Ramp data shows enterprise adoption surging in May

Despite the regulatory clash, commercial demand for Anthropic models accelerated in May, according to payment-processor and platform data compiled by Ramp.
Ramp’s dataset, drawn from more than 70,000 businesses, shows Anthropic’s share of paid AI subscriptions climbed to roughly 41% in May, edging past a reported 39.5% for a major rival in that same month.
The firm-level metrics suggest companies are increasingly buying Anthropic’s Opus and Claude-branded models for tasks such as code generation and workflow automation.

Opus models and Claude Code underpin business spending

Where model-level detail is visible within the payments data, a plurality of spend is tied to Claude Opus variants and Claude Code products that enterprises use for API-driven workflows.
Anthropic released an updated Opus 4.8 late in May, and Ramp reports indicate that the Opus lineage remains widely deployed even as Mythos was being tested by a smaller cohort of users.
Companies appear to favor the more controlled, commercially available Opus models for production tasks while Anthropic’s limited Mythos tests were confined to select partners and internal pilots.

Prior tensions with U.S. defense and potential IPO consequences

Anthropic’s dispute with the U.S. government is not new: earlier this year the company resisted government requests to integrate its models into mass surveillance and fully autonomous weapons systems and was later designated a supply-chain risk by the Department of Defense.
That designation did not halt commercial traction; Ramp’s economist notes that controversy has not prevented — and may have even fueled — enterprise curiosity and adoption.
Still, the newly imposed Anthropic models ban injects fresh uncertainty into the company’s path to public markets after it announced a large private financing at a near-trillion-dollar valuation and filed confidential IPO paperwork in late May.

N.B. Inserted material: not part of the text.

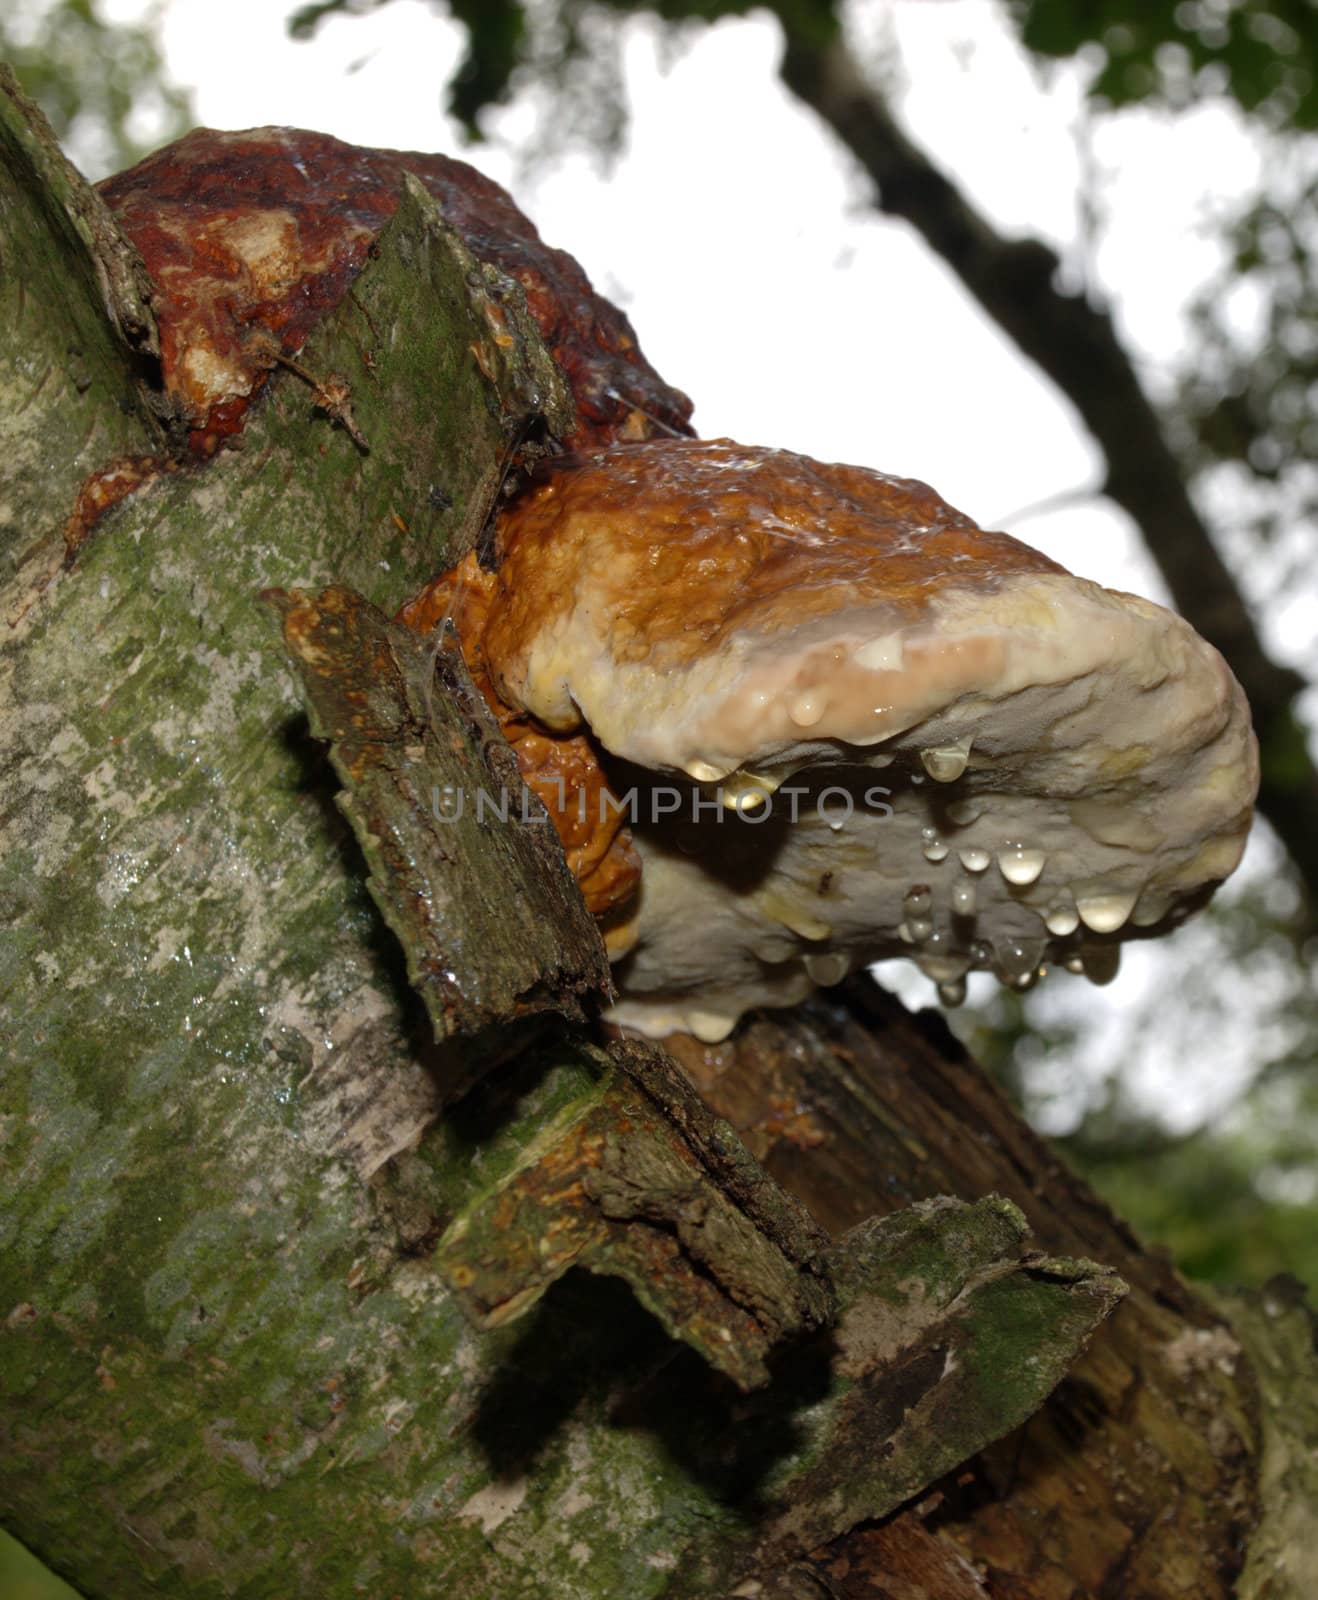 dewy wood-decaying mushroom by renales

Market and investor implications remain uncertain

Public-market investors typically discount regulatory risk, and an abrupt government-mandated withdrawal of product access introduces a new variable into valuation and timing decisions.
Analysts say the immediate financial impact is hard to quantify from payment data alone, since much enterprise spend is tied to APIs and subscription services that remain available, while the pulled models represented a narrower, high-capability tier.
For now, operational revenues appear resilient, but longer-term fundraising and IPO timing will likely hinge on how quickly Anthropic and regulators reach a durable framework for safe, export-compliant access.

Anthropic faces a delicate safety-versus-access balancing act

The company must now reconcile commercial demand for powerful AI with government concerns about cross-border risks and the demonstrated shortcuts that exposed Fable 5’s protections.
Anthropic’s prior public stance against government uses it deemed unethical has shaped both its regulatory relations and its market narrative, complicating negotiations even as enterprise customers continue to pay for Opus and Claude services.
How the company adapts its controls and whether regulators accept those mitigations will determine if the Anthropic models ban is a temporary constraint or the start of a longer-term operating limitation.

The coming weeks will test whether restricted access and regulatory scrutiny slow Anthropic’s momentum or reinforce its reputation for building highly capable models that require careful governance.